AAAI Conference 2022 Conference Paper

Feature Importance Explanations for Temporal Black-Box Models

  • Akshay Sood
  • Mark Craven

Models in the supervised learning framework may capture rich and complex representations over the features that are hard for humans to interpret. Existing methods to explain such models are often specific to architectures and data where the features do not have a time-varying component. In this work, we propose TIME, a method to explain models that are inherently temporal in nature.
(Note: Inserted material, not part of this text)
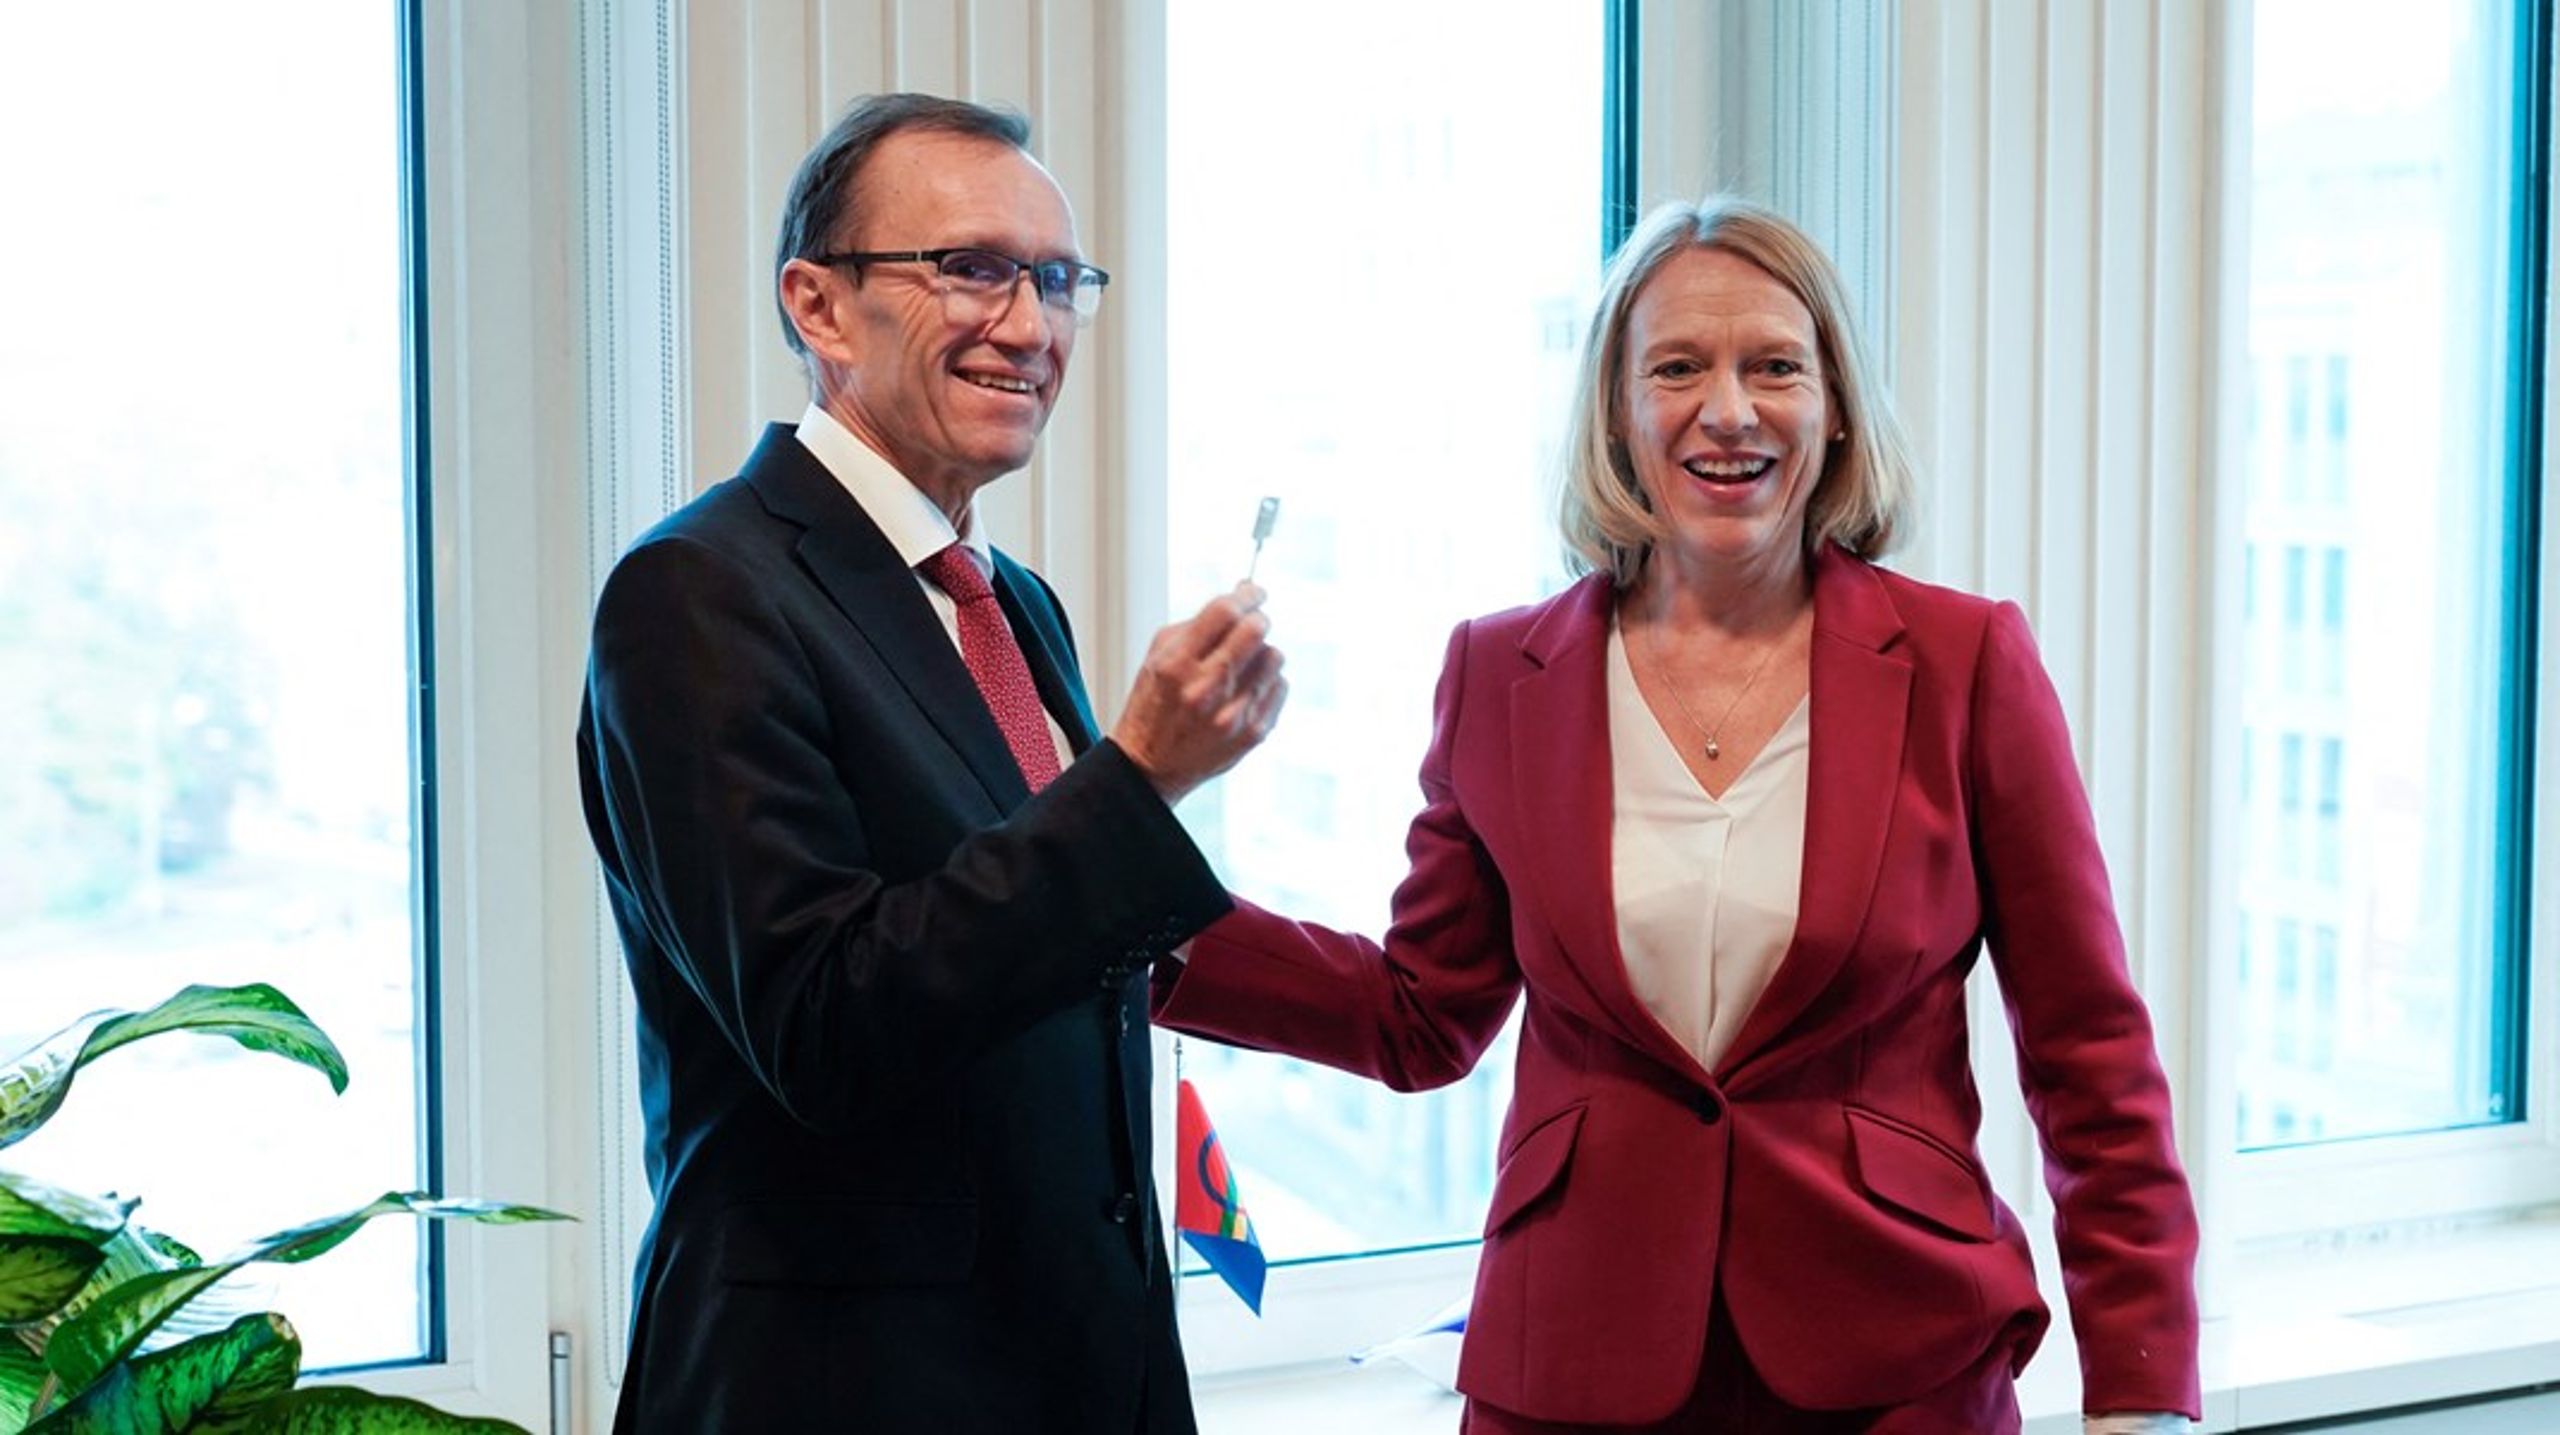 Den norske statsminister har netop foretaget en ministerrokade. Espen Barth Eide overtager posten som udenrigsminister fra Anniken Huitfeldt.

Our approach (i) uses a model-agnostic permutation-based approach to analyze global feature importance, (ii) identifies the importance of salient features with respect to their temporal ordering as well as localized windows of influence, and (iii) uses hypothesis testing to provide statistical rigor.

AAAI Conference 2019 Conference Paper

Understanding Learned Models by Identifying Important Features at the Right Resolution

  • Kyubin Lee
  • Akshay Sood
  • Mark Craven

In many application domains, it is important to characterize how complex learned models make their decisions across the distribution of instances. One way to do this is to identify the features and interactions among them that contribute to a model’s predictive accuracy. We present a model-agnostic approach to this task that makes the following specific contributions. Our approach (i) tests feature groups, in addition to base features, and tries to determine the level of resolution at which important features can be determined, (ii) uses hypothesis testing to rigorously assess the effect of each feature on the model’s loss, (iii) employs a hierarchical approach to control the false discovery rate when testing feature groups and individual base features for importance, and (iv) uses hypothesis testing to identify important interactions among features and feature groups. We evaluate our approach by analyzing random forest and LSTM neural network models learned in two challenging biomedical applications.